Peki pazar, her alanda mı iş görür, sorunları çözer? Yani, estetik alanında da mı böyledir? Buna da evet demek istiyorum. Çünkü orada da, satıcı veya üreticiler, söz sahibi otorite de aynı şekilde pazara çıkarak kabul görmüş bir geleneği temsil etmektedir. Pazar bahsinde geçen ‘herkes’ten kasıt ise üretici/arz edici olma yetkisini almış/onaylanmış/kabul görmüş kişiler veya kurumlardır.
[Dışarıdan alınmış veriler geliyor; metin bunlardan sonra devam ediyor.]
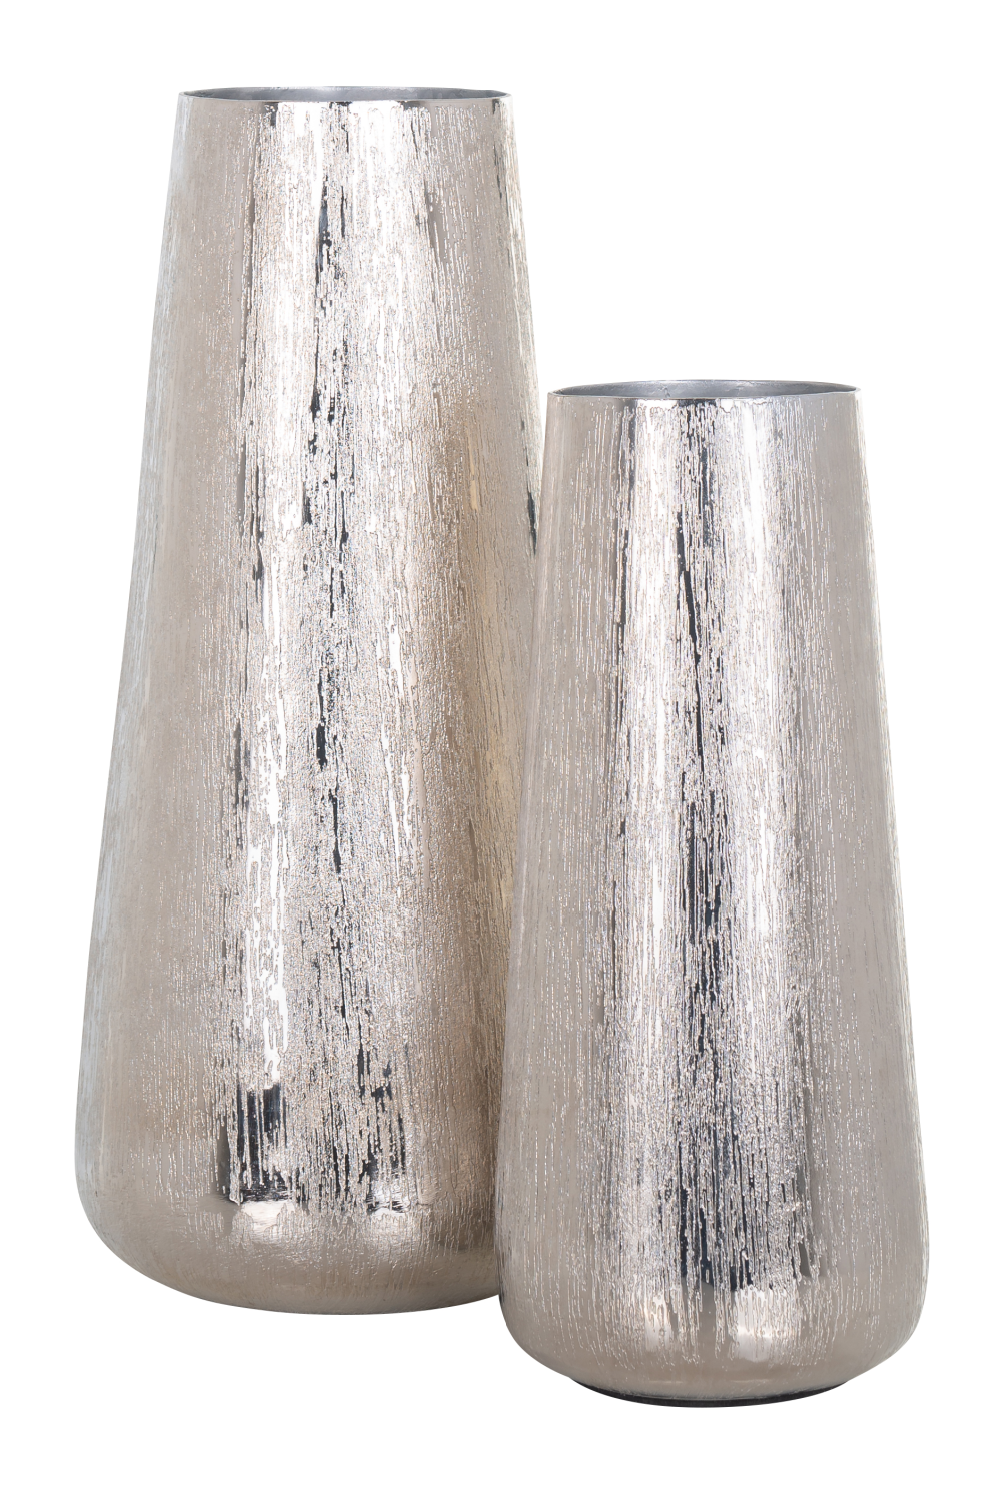 Rustic Silver Vase | OROA Jelte | Oroa.com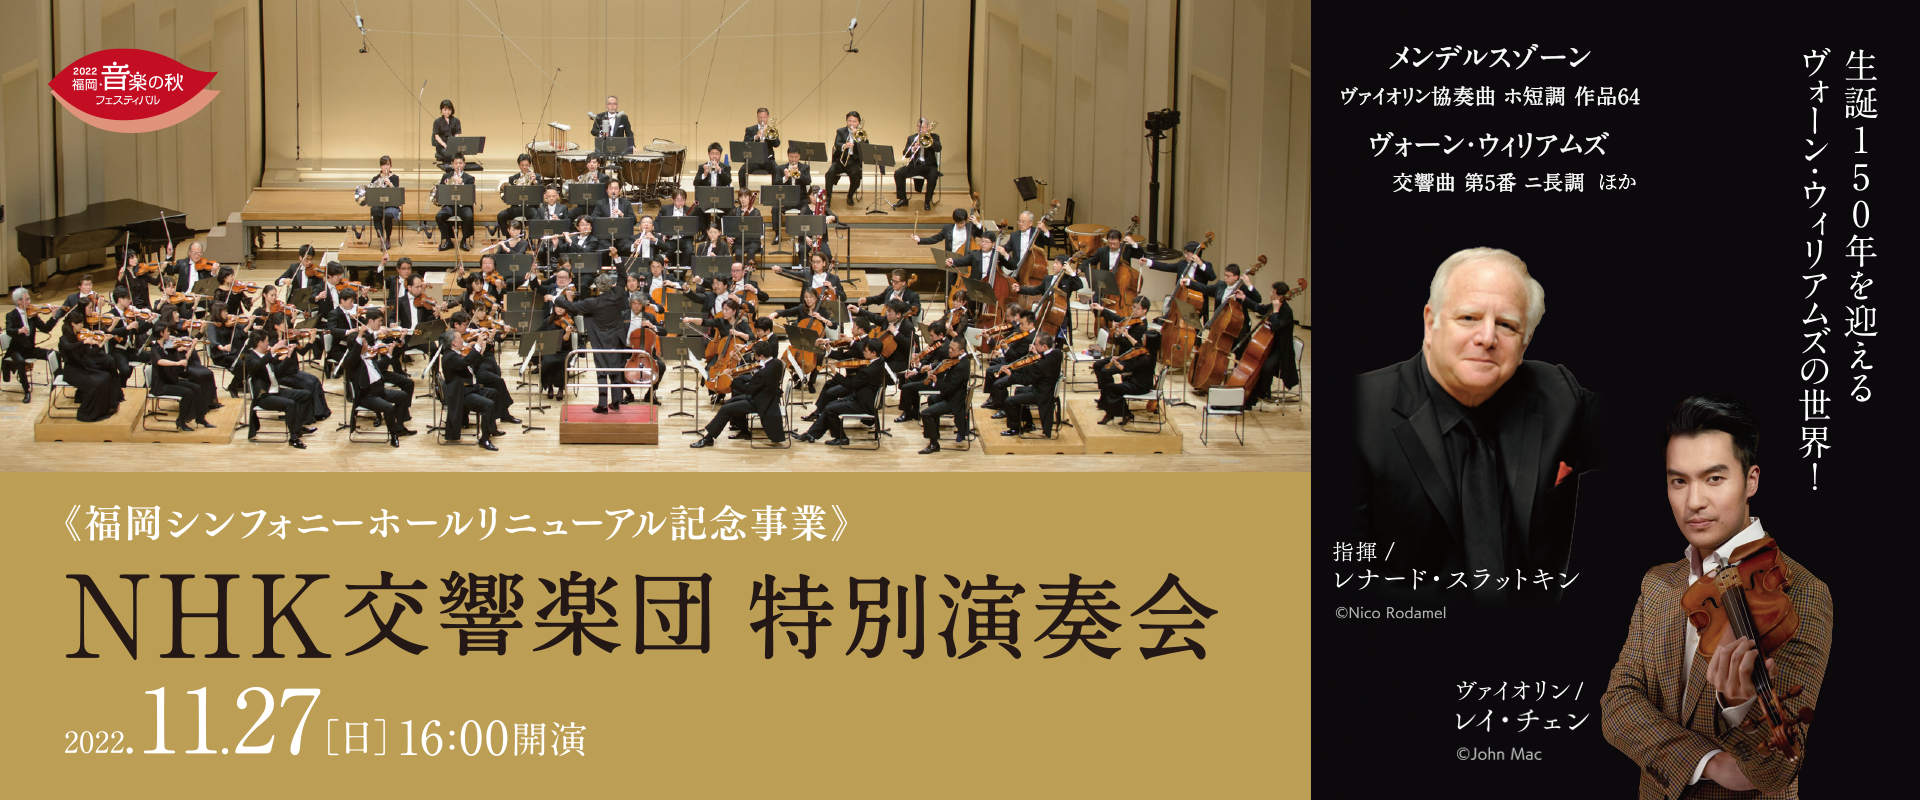 新着情報！NHK交響楽団 特別演奏会 マエストロよりメッセージが届きました

Tıpkı dar anlamda pazara mal çıkartan satıcının/pazarcının, ilgili odalardan o işi yapabileceğine dair bilgi ve tecrübesinin onaylanmasında olduğu gibi.
Sonsöz yerine
Sıra dayağına dönecek olursak… Pazarda nasıl çürük mal, şikâyetli mal satılamaz veya hasbelkader satıldığında da iade edilir ve tüketicinin zararı tazmin edilirse, bizleri/toplumu sıra dayağından geçiren hoca da, şikayet anında bundan ya vazgeçirilir veya o görevi yapmaktan men edilebilirdi. Belki buna bir iki sınıf maruz kalacak ama üçüncü bir sınıf bu işleme maruz kalmayacaktı.
Elbette sıra dayağı okullarda büyük ölçüde kalktı. Uzun vadede bu konuda yol alındı. Ama sorun aslında sıra dayağının kendisi değildi ki! Yukarıda da anlatıldığı gibi asıl suçluyu bulma zahmetine girmeden toplumu toptan sıradan geçirmekti. Bir yargıyı/töhmeti, benzeri tüm kesimlere yapıştırmak ve yaygınlaştırmak… Evet, sıra dayağı kalktı. Peki ama onun üzerine oturduğu ve onu besleyen toptancı zihniyet? Pazar görmeyen kararlar? Yolu bir türlü Bor’a, ve de Niğde’ye çıkmayanlar, çıkartılmayanlar ne yapsın?